A native code to C/C++ decompiler

[+] userbinator|11 years ago|reply

No source? The first thing I did was try it on itself... which I suppose is somewhat of an "acid test". It took a few minutes and an enormous amount of memory, but finally it told me that the function at the very beginning of the executable, definitely a nontrivial one, decompiles to...

    void fun_401000() {
    }

I'm sure I hit upon some edge case and much better output can be had from this tool if I play with it some more, but for a first impression, not so good. But I'm definitely going to keep this one around, it looks promising.

[+] webkike|11 years ago|reply

For all we know, that result is a complete facsimile of the original source. But then again, we don't have the source.

[+] os_|11 years ago|reply

The original and the most powerful disassembler is IDA Pro. The project was started in the 90s and has been used for security analysis, antivirus work, protection analysis/research, hacks as well as normal dev work in the closed-source ecosystems.

https://www.hex-rays.com/products/ida/index.shtml

The author has implemented a decompiler plugin over the top of IDA and it works on the real-world code. The point here is to annotate the disassembly bottom-up and then decompile.

https://www.hex-rays.com/products/decompiler/index.shtml

I don't want to bash the author of Snowman - this kind of research is serious fun. Yet, IDA has an insane lead.

[+] tptacek|11 years ago|reply

IDA is great, but for day-to-day work, especially if you're casual, Hopper is a really strong contender, and it's (amazingly) even cheaper than IDA. Hopper also was designed from the get-go to have a first-class Python interface, and it includes a workable decompiler.

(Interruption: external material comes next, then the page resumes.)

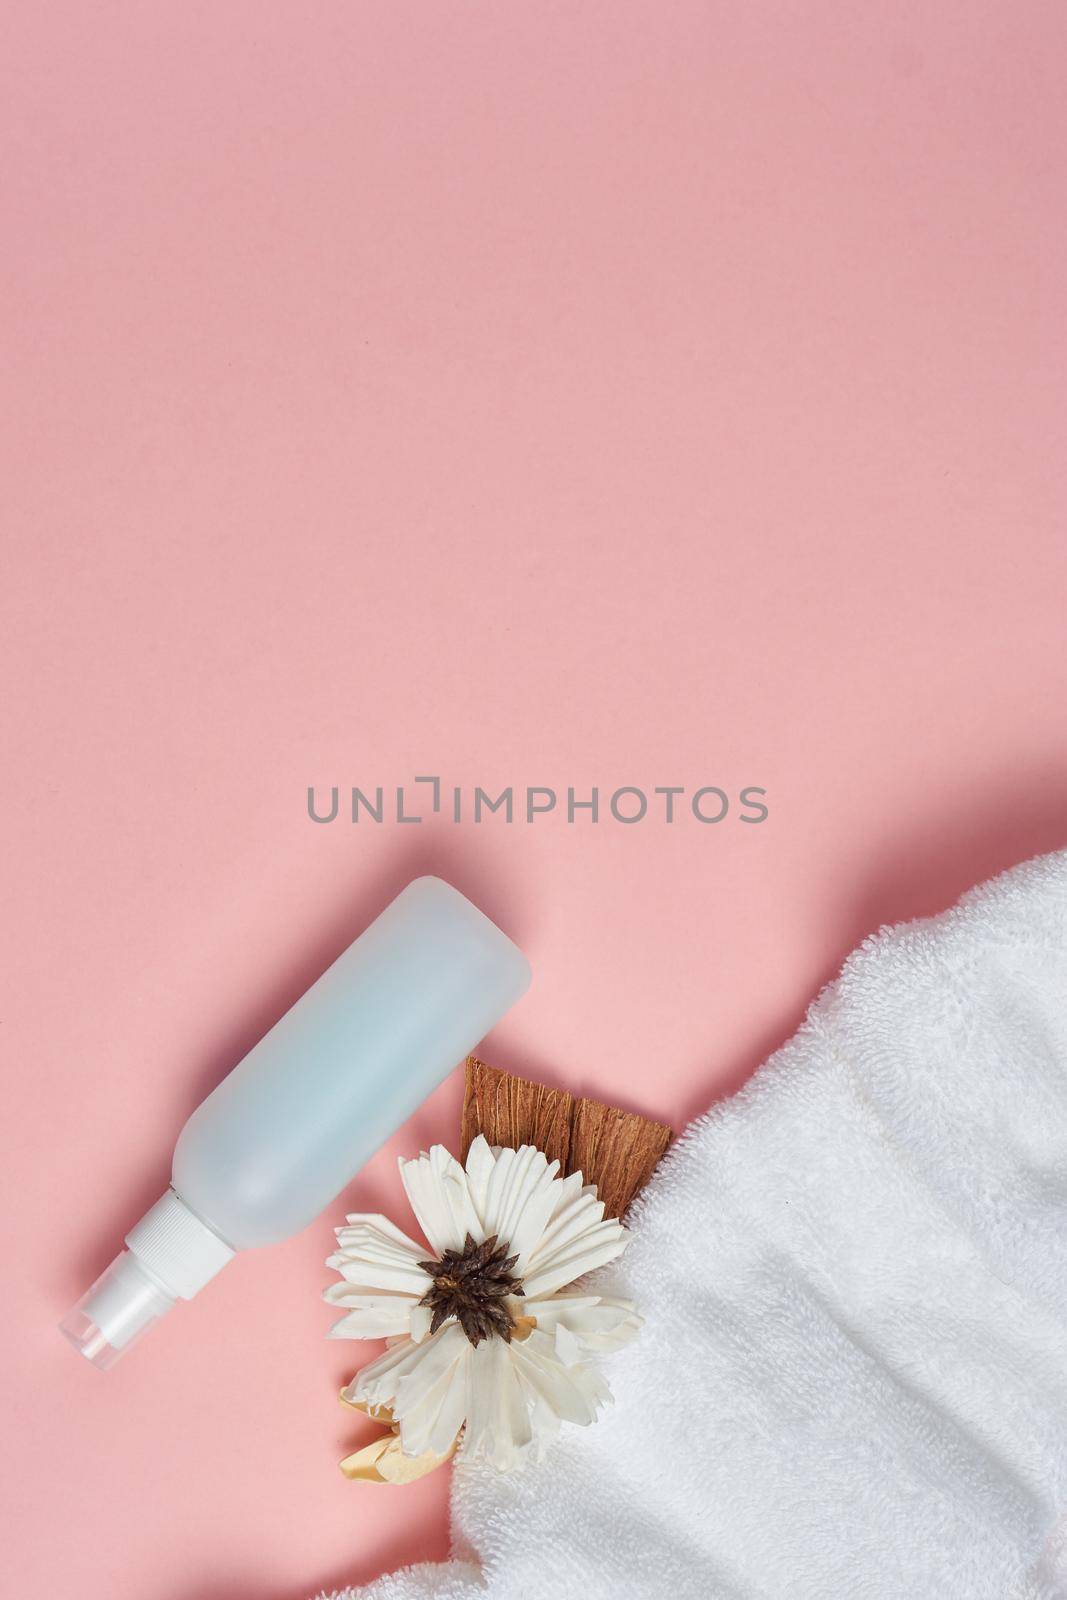 bathroom accessories shampoo beauty salon isolated background. High quality photo

[+] pjmlp|11 years ago|reply

IDA was not the first one. There have been a few others since the 80's.

[+] DigitalJack|11 years ago|reply

It's also expensive. I'm sure it's worth it from all I've heard, but it's unlikely I'll ever have the money for hobby work.

[+] jordigh|11 years ago|reply

C and C++ are different languages. I only saw C examples. How would you even decompile to C++? The only C++ information you have in the object code is the mangled names. How do you use that to get C++ code?

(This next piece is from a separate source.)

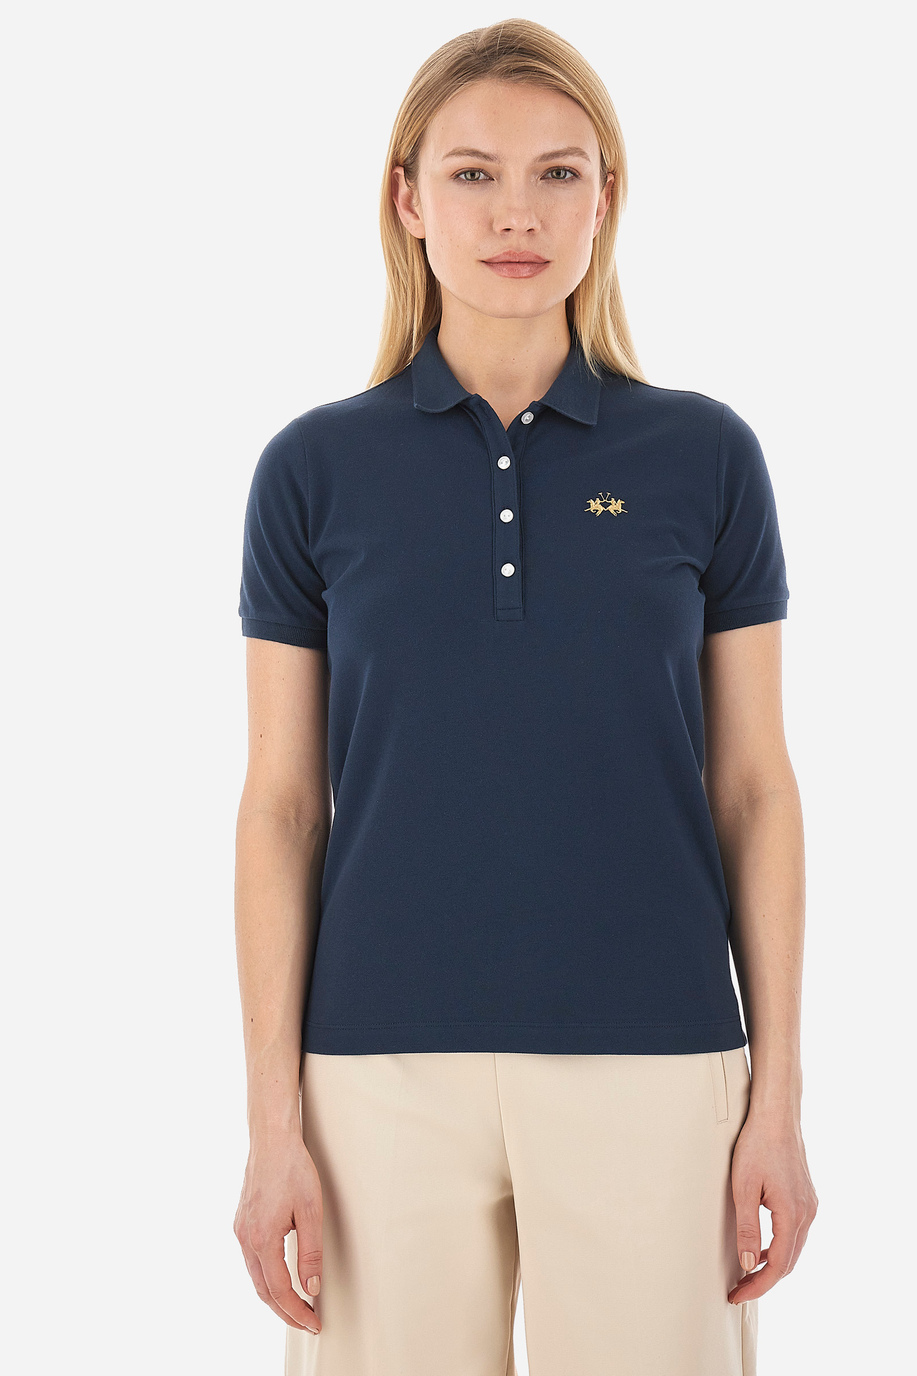 Women's polo shirt in a regular fit - Amalia | La Martina - Official Online Shop

[+] _wmd|11 years ago|reply

And vtables, rtti data, systematic sequences of ops for invoking base classes, intrinsic/library functions emitted by the compiler in specific situations, exception handling tables, ...

[+] pjmlp|11 years ago|reply

As some other decompilers do, by having a knowledge pool of specific compilers.

Back in the 90's there was one targeted specifically to executables produced by Borland compilers.

[+] userbinator|11 years ago|reply

The first C++ compiler (Cfront) compiled from C++ to C.

Once you get some C code that does things with structures and function pointers like a C++ compiler would do, I think it's not impossible to turn those back into classes if you can recognise the patterns that a C++ compiler uses to compile C++ constructs like classes, virtual functions, etc.

[+] nobotty|11 years ago|reply

[deleted]

[+] barrkel|11 years ago|reply

Interesting that gcc removes the \n from the string and calls puts() directly - this avoids the overhead of parsing the string for non-existent format specifiers.

The decompiler could do with a bit of work making dynamic library imports more symbolic. Following the puts call chain quickly disappears into a non-local jump to an address with no further references.

[+] nes350|11 years ago|reply

Another native code decompiler, although apparently abandoned long ago: http://boomerang.sourceforge.net

[+] RDeckard|11 years ago|reply

Thanks for sharing, did not know. Of course, aware'ing everyone on IDA Hex-Rays on this thread too: http://www.hex-rays.com/products/ida/

[+] 72deluxe|11 years ago|reply

That "hello world" decompilation is complex!

[EDIT: Very informative replies below, thanks!]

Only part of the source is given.